Mais je crois qu'en vérité, elle allait ouvrir mon procès. Je ne dis rien, refroidie par ses sous-entendus. Non l'échange ne serait pas facile à poursuivre. Oui j'avais fui comme une voleuse, j'avais disparu de la vie de tout le monde. Que s'étaient-ils dit lorsque deux mois après notre diplôme je n'avais plus donné ni de son ni d'image ? Que s'était-elle dit ? Que pouvait-on se dire lorsqu'une amie disparaissait dans la nature après avoir partagé sept ans de votre vie ? Qu'aurais-je pensé à sa place ? J'aurais cherché à savoir ? Non je ne crois pas, on ne fouillait pas dans la vie de l'une de l'autre à l'époque. Ses reproches étaient faciles à comprendre, à quoi je m'attendais ? J'avais l'impression d'être de nouveau la gamine de Poudlard, celle qui se faisait remettre à sa place par son amie quand elle avait dépassé les bornes. Et il y a dix-sept ans, j'avais déconné et c'était aujourd'hui qu'elle allait me faire assumer le fait d'avoir disparu. J'aurais voulu dire que j'étais désolée, mais ça ne sortait pas. Je n'étais pas douée avec les excuses, saleté de fierté. Celle qui m'avait conduite à cette situation. Par fierté, j'avais voulu me débrouiller toute seule, ne pas subir leurs regards et voilà où ça m'avait conduite. Il n'y avait pas de quoi être fière d'avoir fui.
Tu cherches à venir me voir depuis combien de temps ?
Je sentais que cette question était loin d'être anodine et je me disais qu'au fond, elle connaissait sans doute la réponse. Si je lui disais que ça faisait plus d'un an que j'y réfléchissais, j'avais peur qu'elle m'assassine sur place. Bravo Maggie tu laissais tomber ton amie pendant seize ans et tu te payais le luxe d'attendre encore un an avant de renouer... Mais j'étais venue et quelque chose me disait au ton de sa voix que j'allais me manger sa rancœur et que je n'allais pas apprécier le goût que ça allait avoir. Le whisky que je tenais en main n'aiderait pas beaucoup à faire passer l'amertume de cette conversation. On ne se préparait jamais assez à ce genre de situation parce qu'on espérait toujours que ça se passerait au mieux.
- Ça fait un bon moment, avouai-je avec moins d'assurance que pour mes précédentes paroles.

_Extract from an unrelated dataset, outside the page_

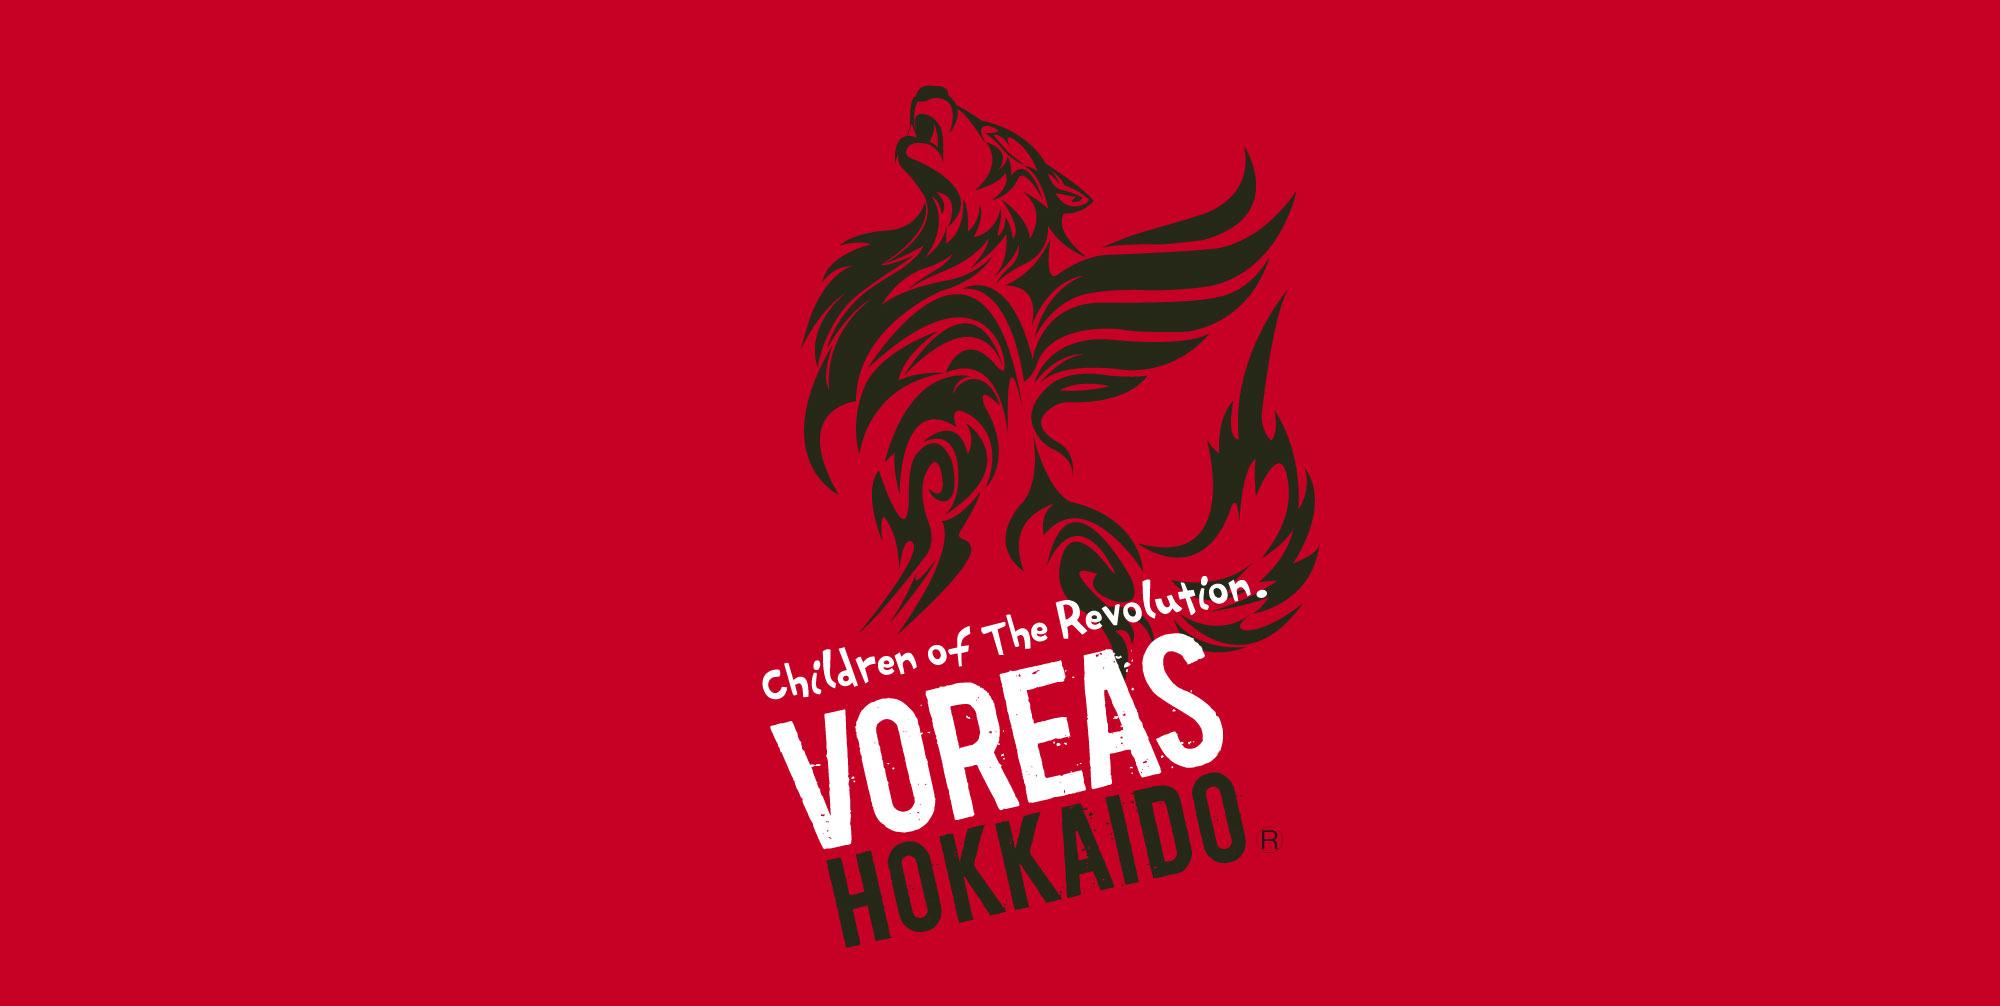 公式】VOREAS HOKKAIDO(ヴォレ...

Je n'avais pas beaucoup d'options devant moi et clairement faire comme s'il ne s'était rien passé et que tout était normal n'en faisait pas partie. J'allais devoir prendre sur moi et les mots que je retenais aller devoir sortir. Le courage ne se trouvait certes pas au fond de mon verre, mais je ne pus m'empêcher de l'y porter à nouveau à mes lèvres pour ne pas avoir l'idée de fuir encore.
- Je suis désolée, j'aurais dû...
Mais qu'aurais-je dû faire au juste ? Il y avait tellement de choses que j'aurais dû faire dans ma vie mais jamais je ne prenais les bonnes décisions. Condamnée à commettre erreur sur erreur et passer le reste du temps à les fuir.
- J'aurais dû te prévenir que je viendrais, mais je n'étais pas vraiment certaine que tu accepterais de me voir...
ça et le fait aussi que je n'étais pas du genre à préparer le terrain... Je serrai le verre dans mes mains, jetant un œil vers la porte d'entrée. Iverna ne me pardonnerait pas. En tout cas sûrement pas sans m'avoir fait assumer mon silence. Assumer ou fuir ? Si je choisissais la deuxième solution, je pouvais à jamais faire une croix sur notre ancienne amitié.
- J'ai pas voulu fuir ta vie...
Je n'avais juste pas su faire autrement à l'époque, mais je n'étais pas certaine qu'elle comprendrait. Non parce que j'aurais pu faire des choix différents.